Trabalho com crentes e com descrentes: tem diferença?

“Trabalho não é fruto da queda. Ele já existia antes e era algo belo e útil que Deus nos deu. A ordem de cultivar e guardar o mundo é anterior à queda. Mas a queda faz com que aquilo que seria tranquilo e a apenas recompensador, se torne árduo e frustrante.” Rev. Emilio Garofalo Neto no sermão “Dando Trabalho”, baseado em Eclesiastes 2.18-26

Nos meus 13 anos trabalhando, eu já trabalhei de diversas formas. Sendo ainda descrente, já convertida mas trabalhando com descrentes, e, mais recentemente, atingi o “sonho profissional do cristão”: trabalhei com crentes e para crentes. Assim que encerrei as atividades nessa última empresa, eu abri um documento e comecei a escrever este texto. Eu espero que ele te encoraje e te ajude a repensar a sua relação com o trabalho. No final eu indico livros e sermões que foram essenciais para mim nessa caminhada profissional.
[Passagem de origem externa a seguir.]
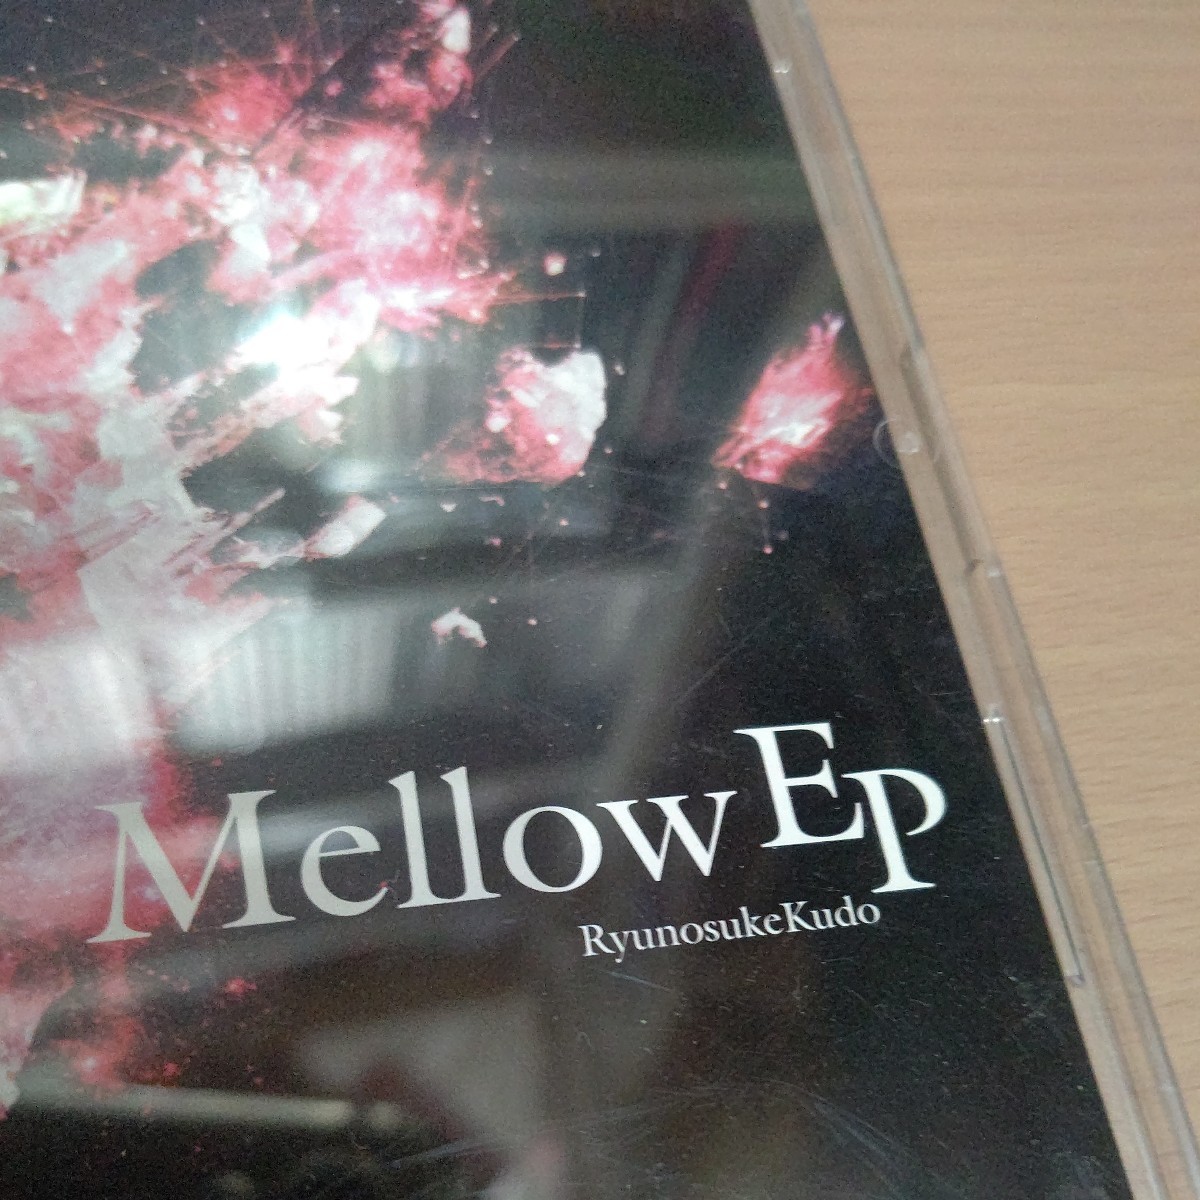 Mellow EP／Ryunosuke Kudo 同人 Part A Sugar Beauty 2nd Mix 2nd Galaxy Part B reku YsK-439 2013 RKAL-001 CD-R仕様 希少

Sou formada em Comunicação Social, portanto, assim como você, enfrentar ideologias ofensivas ao cristianismo é algo que fez parte da minha formação acadêmica informal. Contexto dado, hoje eu não vim aqui falar de estudos. Quero apenas pincelar que se você ainda está estudando, lembre que esse é o seu trabalho, ok? Faça com excelência. E as coisas que vou falar são relacionais e de experiências que eu vivi, mas se aplicam a você também nesse seu trabalho que é estudar e estagiar tendo que lidar com pessoas todos os dias.

Trabalhando longe de Deus

O sentido do meu trabalho era eu.

Nos meus anos de faculdade, estágio e primeiro emprego, eu ainda vivia como uma descrente. Não vou contar a minha melhor história ainda, a da minha conversão. Era assim que eu vivia nos meus trabalhos: ora com a certeza de que trabalho era um fardo que eu tinha que carregar para ganhar dinheiro e ora com a certeza de que o trabalho era minha identidade e o que me definia. O sentido do meu trabalho era eu. Meu senso de responsabilidade, dedicação em aprender e comprometimento sempre foram muito bons. Isso pela graça comum de Deus na educação que recebi, mas não pelas razões corretas no meu coração. Desde os estágios eu era aquela que é a primeira a chegar e a última a sair, que dava o meu máximo para o trabalho preencher todos os meus vazios, e isso demorou para mudar mesmo depois da conversão. E, como todo bom ídolo, o trabalho me decepcionou e frustrou inúmeras vezes em formas de chefes, colegas, resultados e dinheiro. Quando o fim do trabalho é a gente mesmo nada nunca estará bom. Vaidades de vaidades.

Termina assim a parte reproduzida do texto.